За полтора века эта тема звучала с разных политических позиций. В. Е. Якуш-кин говорит, что “исследователи, разбирающие подробно николаевские взгляды Пушкина, особенно отмечают его проповедь о значении аристократического элемента, о значении дворянства... Происхождения они сложного: в нем участвовали и личная судьба, личное положение, отчасти же влияние Байрона, наконец, аристократические теории, которые Пушкин встречал у некоторых представителей революционного движения 20-х годов (известно, что тогда был составлен проект конституции с широкою ролью аристократии). Это вплотную, по мнению автора, связано с появлением новой знати — о чем поэт пишет в “Моей родословной”, и об этом есть и в прозе, в частности в его черновых тетрадях. “Пушкин,— отмечает автор,— вовсе не стоял на точке зрения безусловной дворянской гордости, что видно, например, из следующей фразы: “имена Минина и Ломоносова вдвоем перевесят, может быть все наши старые родословные, но неужто потомству их смешно было бы гордиться сими именами”1.
С другой стороны, подчеркивает Якушкин, Пушкина порою незаслуженно критикуют за “непозволительное прихлебательство перед властью-победительницей”. В его стихотворениях “Клеветникам России” и “Бородинской годовщине” якобы сквозит “непозволительная насмешка над побежденными”. Автор отмечает, что взгляд Пушкина на поляков и польский вопрос сложился “еще задолго до восстания и его чувство, выраженное в стихах, не потворство официальным сферам”2. Впрочем, указанный вопрос достаточно сложен и неоднозначно представлен в нашей литературе...
“Бориса Годунова” Пушкин вынашивал долго.

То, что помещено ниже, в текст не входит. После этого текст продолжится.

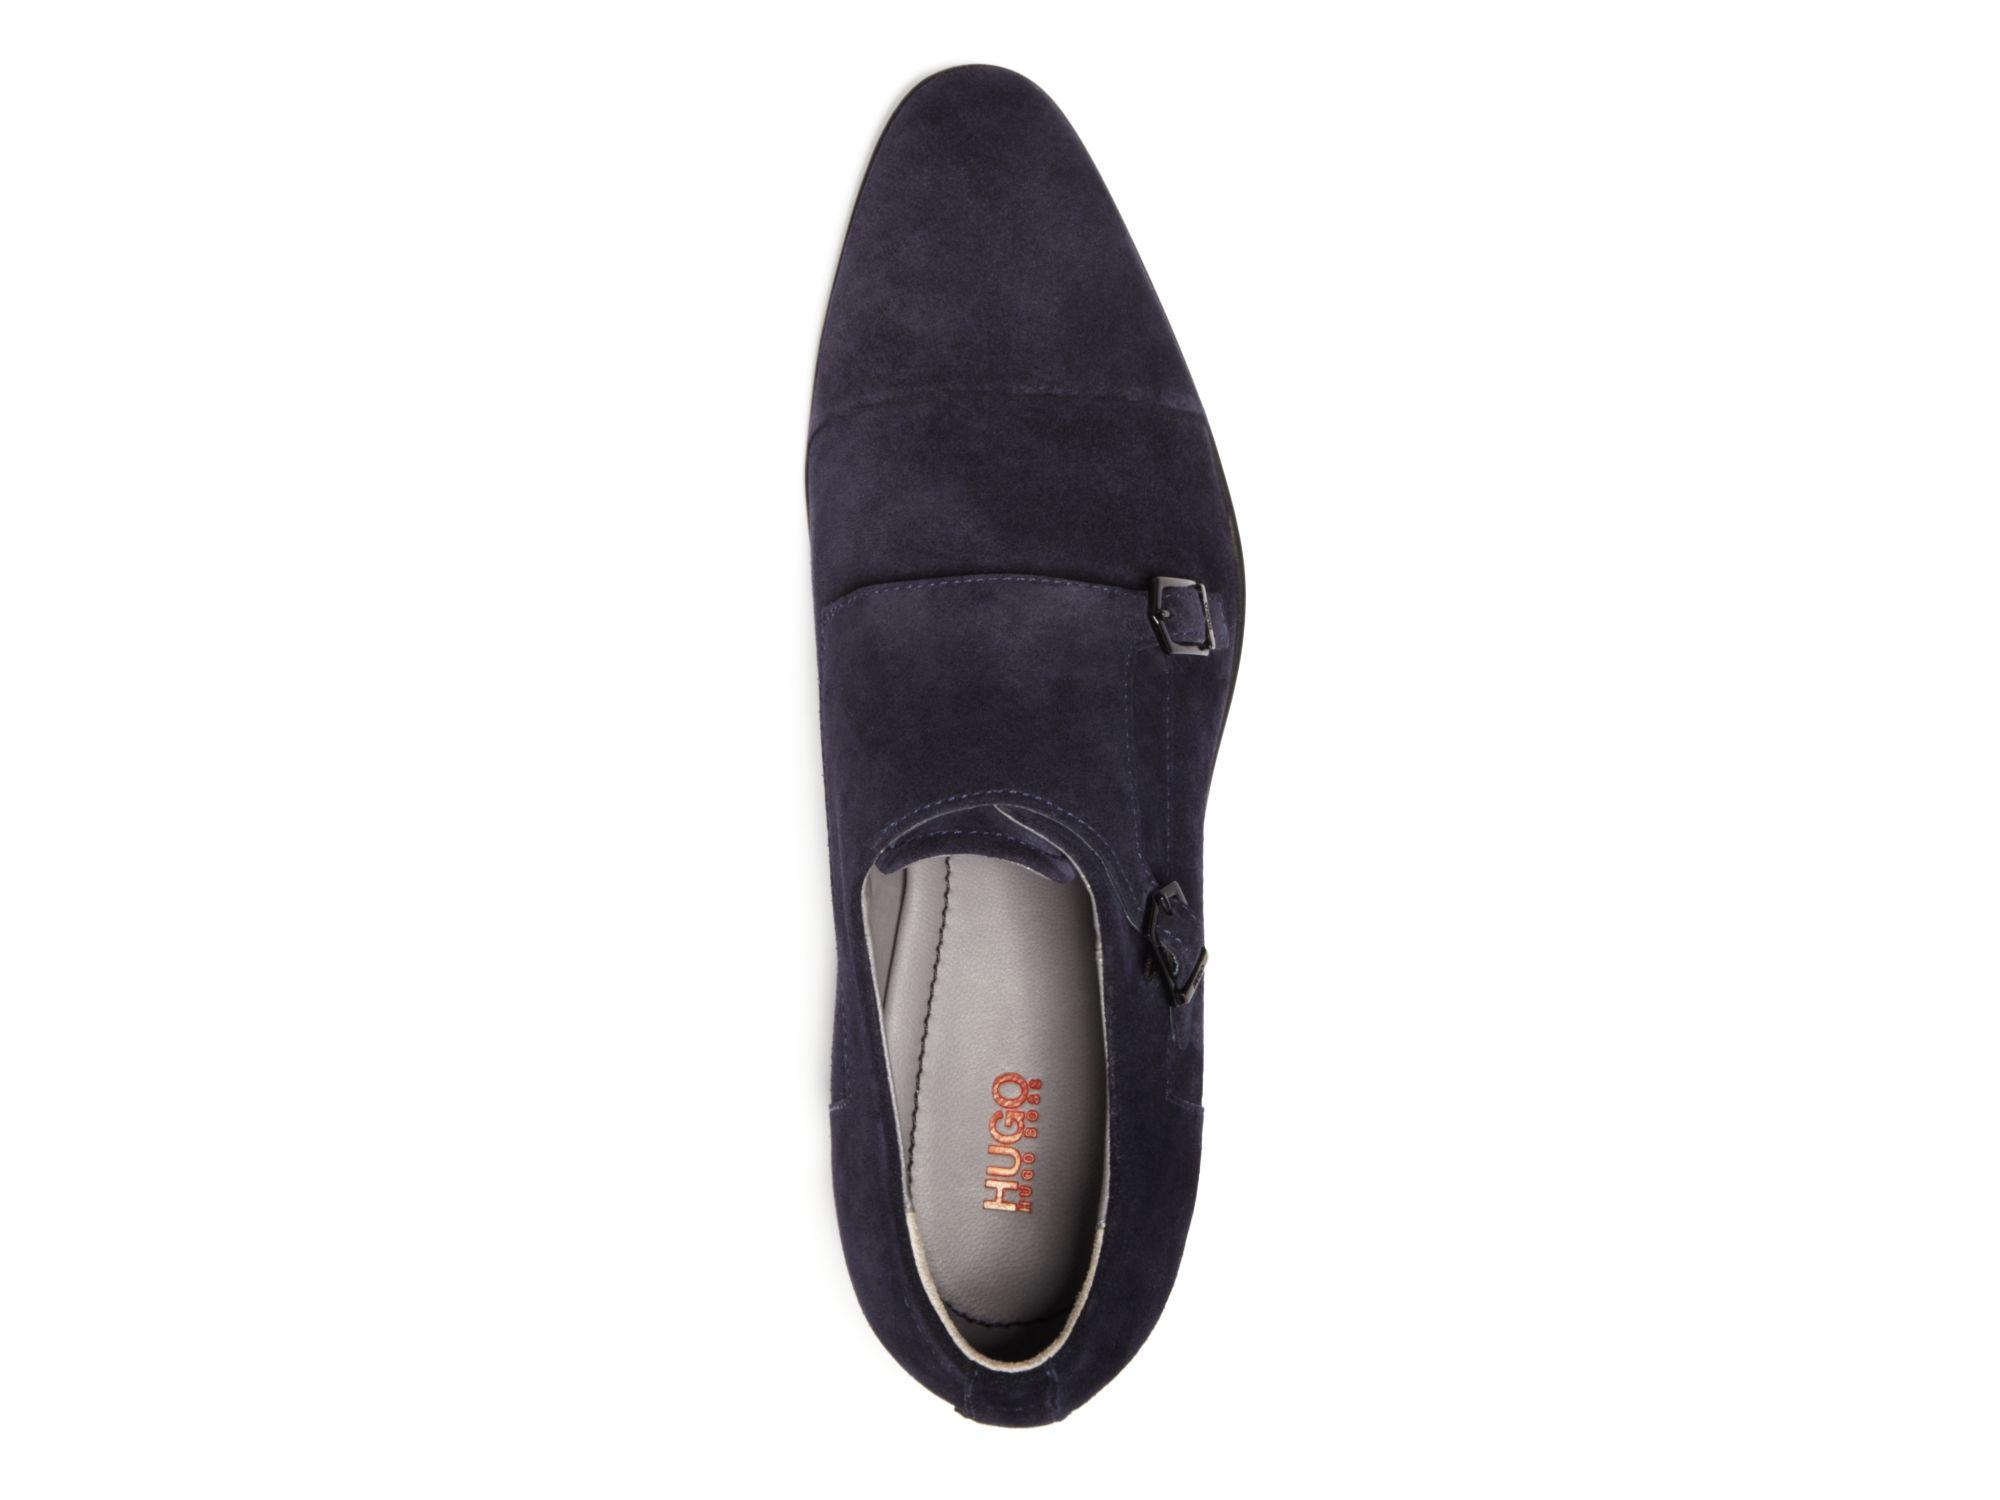 Hugo Boss Leather Monk Shoes

Как он чистосердечно писал: “Передо мной трагедия. Не могу вытерпеть, чтоб не выписать ее заглавия: Комедия о настоящей беде Московскому государству, о царе Борисе и о Гришке Отрепьеве писал раб Божий Александр сын Сергеев Пушкин в лето 7333 на городище Ворониче. Каково?” ( Курсив мой . — И. С. ). (Письмо П. А. Вяземскому 13 июля 1825 г.) Сказано азартно, может быть, озорно даже, но с глубоким знанием традиций летописания!
А. Н. Вульф, приятель поэта, записал: “Рассказывал мне Пушкин, как Государь цензирует его книги; он хотел мне показать “Годунова” с собственноручными Его Величества поправками. Высокому цензору не понравились шутки старого монаха с харчевницею”3.